This section is from the book "Business Finance", by William Henry Lough. Also available from Amazon: Business Finance, A Practical Study of Financial Management in Private Business Concerns.
Taking up now in more detail the procedure in forming a budget, first on the income and expenditure basis, and second on the receipts and disbursements basis, we have to consider the extent of the income for the period (whether it be monthly, half-yearly, or yearly) which may fairly be regarded as assured. Manufacturing companies are likely to have certain regular customers on whom they may safely count, unless extraordinary conditions prevail, for a given amount of business. The same thing is true of wholesale trading companies. The companies, both manufacturing and trading, which are selling at retail, can at least work out from their own records the minimum limits of their sales. The same thing may be done by public service and transportation companies. Companies which operate on long-term contracts extending over two or three years or more may conceivably be in the position of having all their capacity occupied with contracts previously arranged, in which case all their income will be assured.
Most companies have in addition certain possibilities which require careful study and good judgment in order to make possible a reasonably accurate estimate of earnings which are not assured but are probable. In making up these estimates, the financial manager will naturally be guided to a great extent by the views of the sales manager and other operating officials who are probably in closer touch than he is with the company's sources of income. It is well to state separately the amount of gross earnings which may be regarded as probable but is not assured.

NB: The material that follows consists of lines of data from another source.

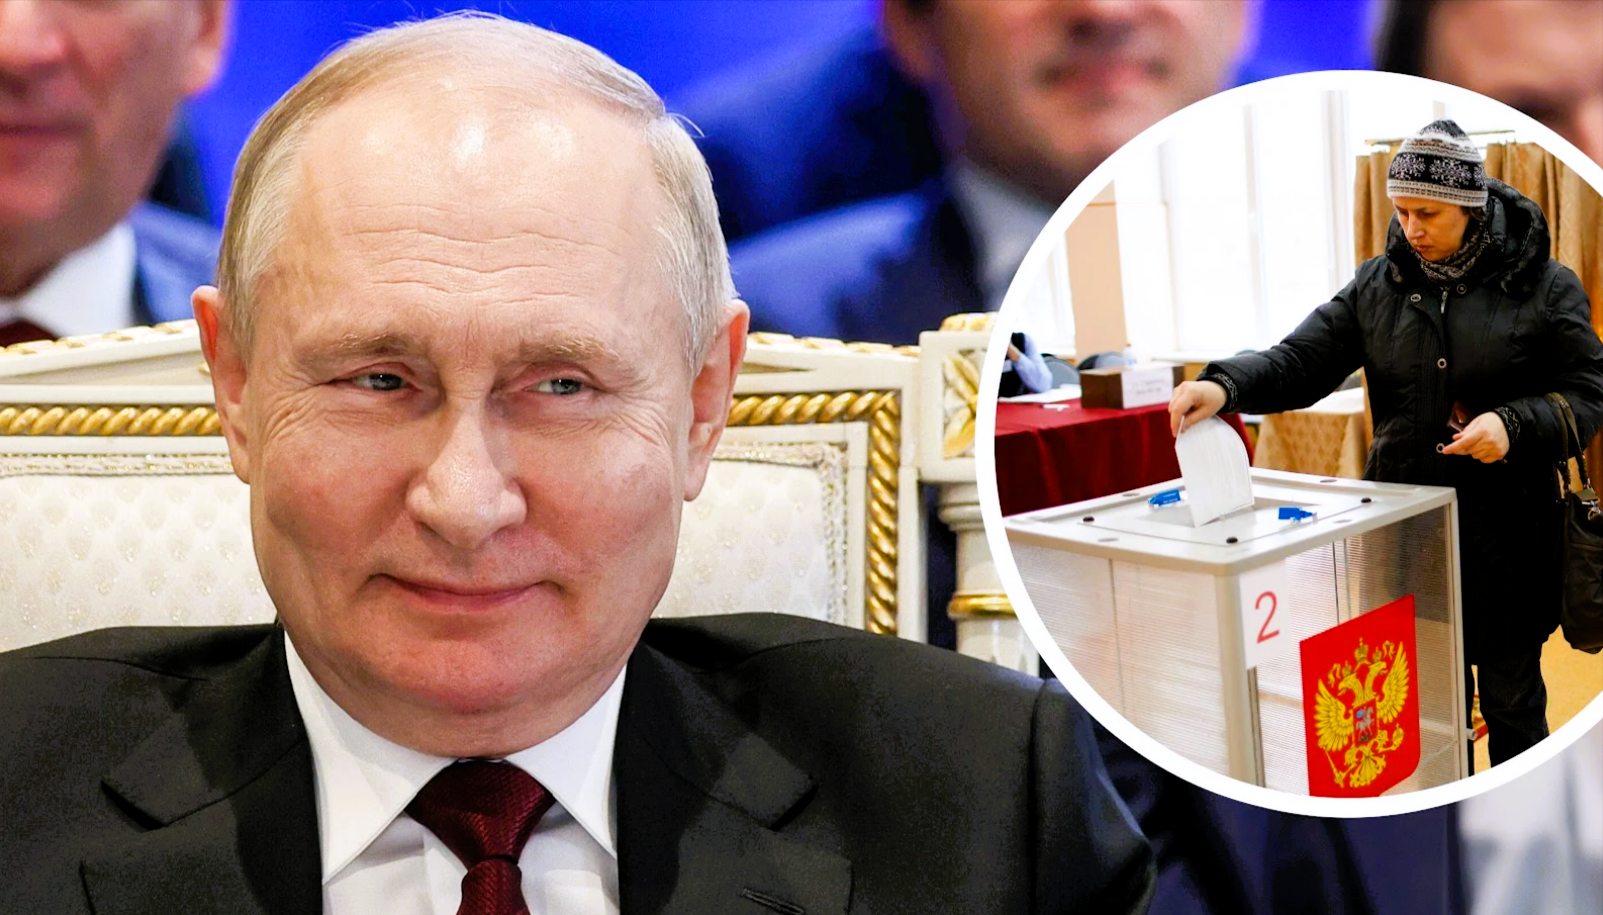 Eilmeldung! Putin gewinnt die Wahl in Russland - hier alle Reaktionen!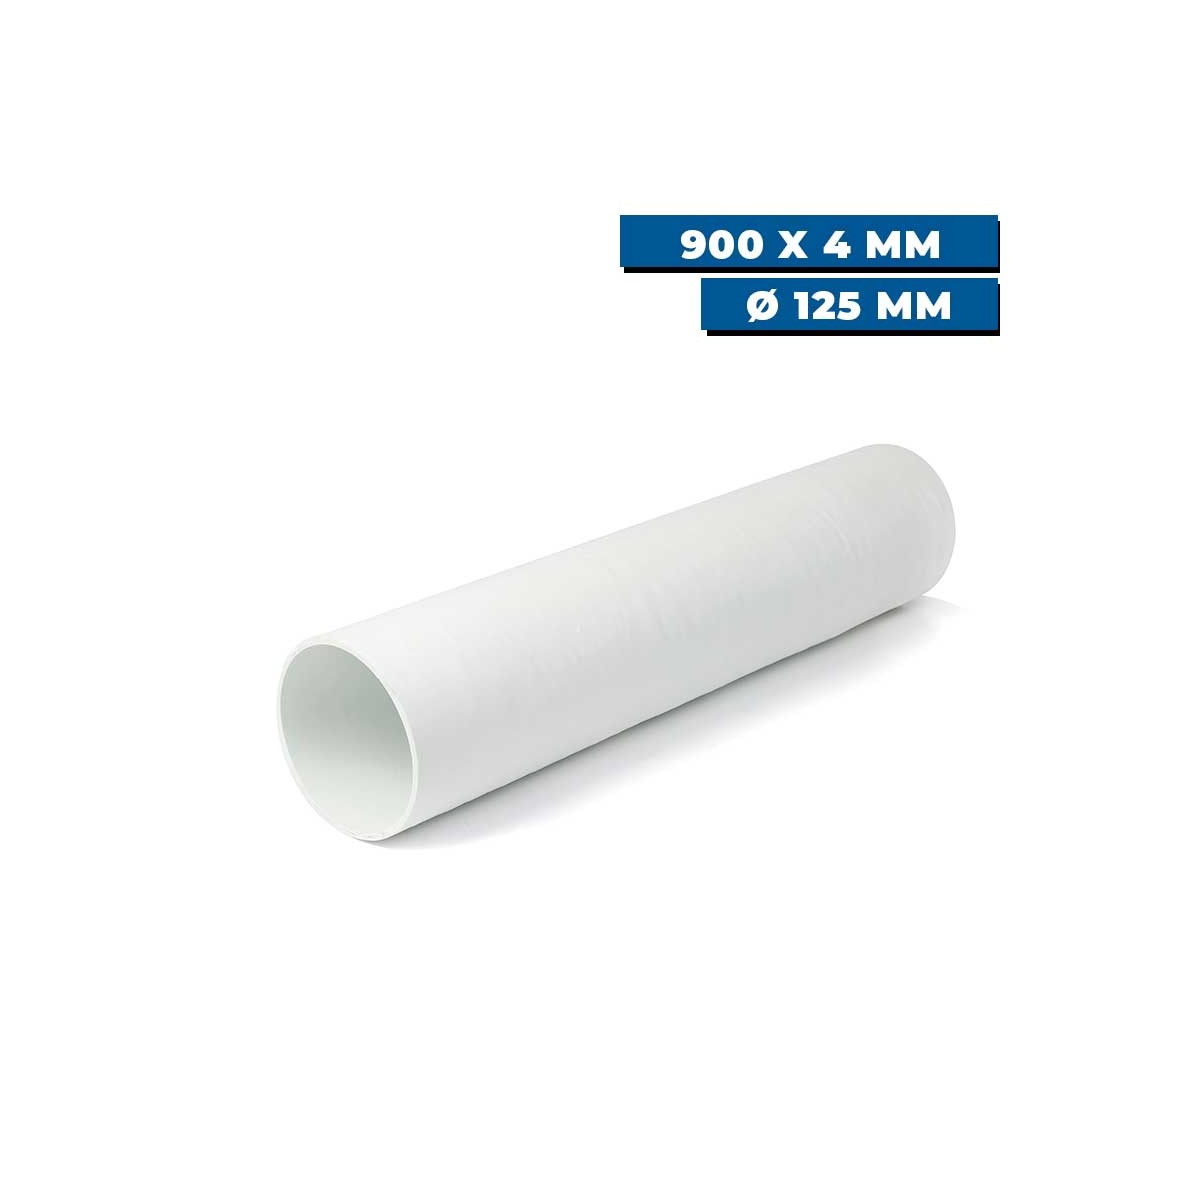 Tunnel polyester pour propulseur Ø 125 mm Sleipner 900 x 4 mm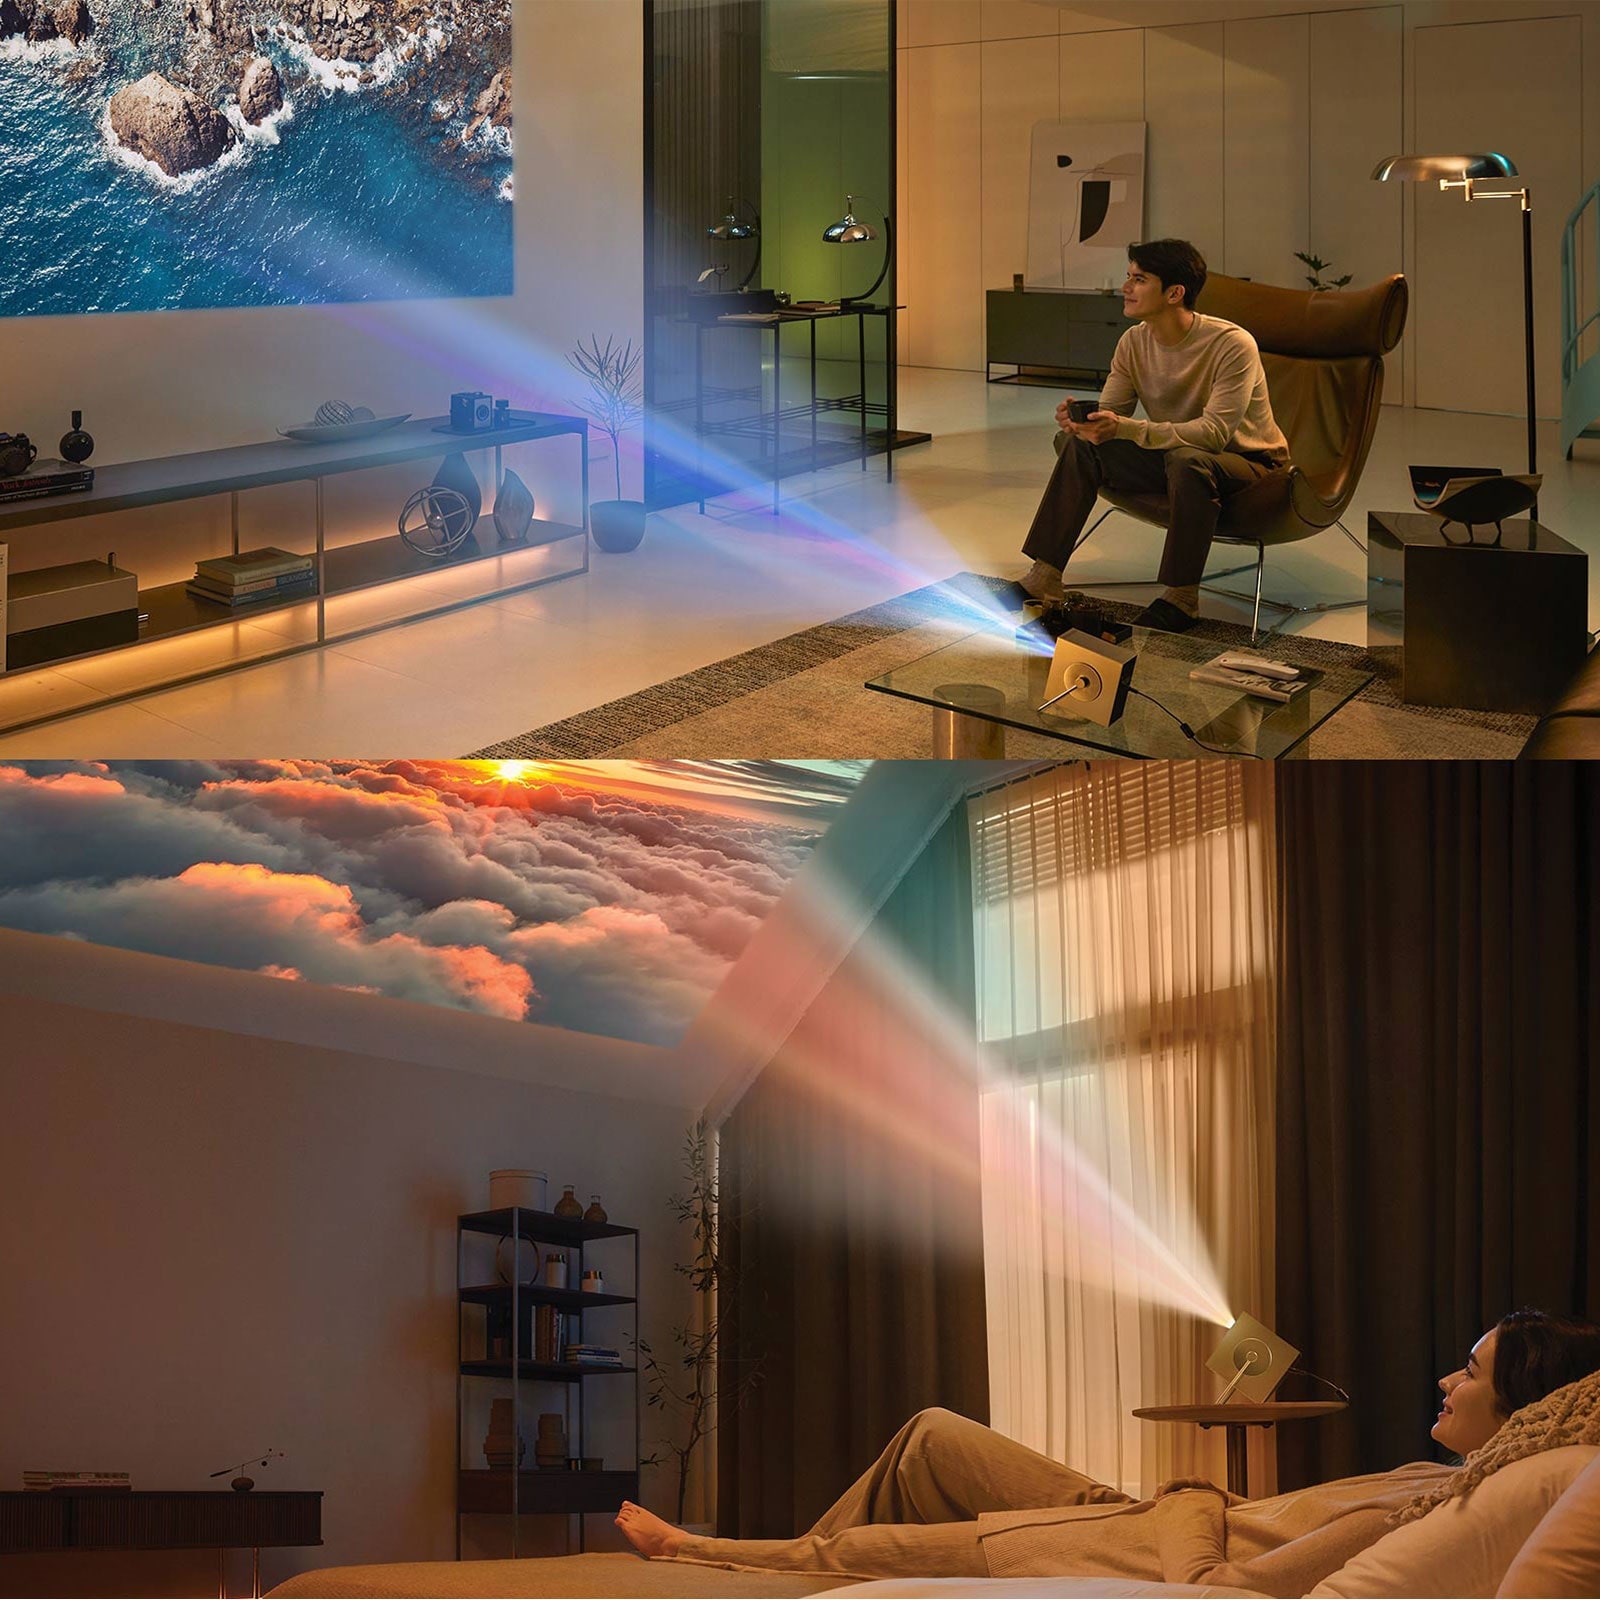 Bối cảnh sử dụng khác nhau của LG CineBeam HU710PB - phòng khách và phòng ngủ.

The classification of expenses should follow the same lines of division. It is well to estimate, first of all, what may be called the fixed and necessary expenses of the business, assuming usually that it is intended to hold intact the organization that has been built up. These necessary expenses will include, therefore, the salaries of officers and their assistants, of salesmen, clerks, and working men, the purchases of raw materials necessary for production up to the amount that is assured, the up-keep of the plant, and other necessary expenses.
A second section will show the increase in expenses necessary in case the probable volume of business, as previously estimated, is secured. A third section will show further increases necessary in case the possible volume of business is attained.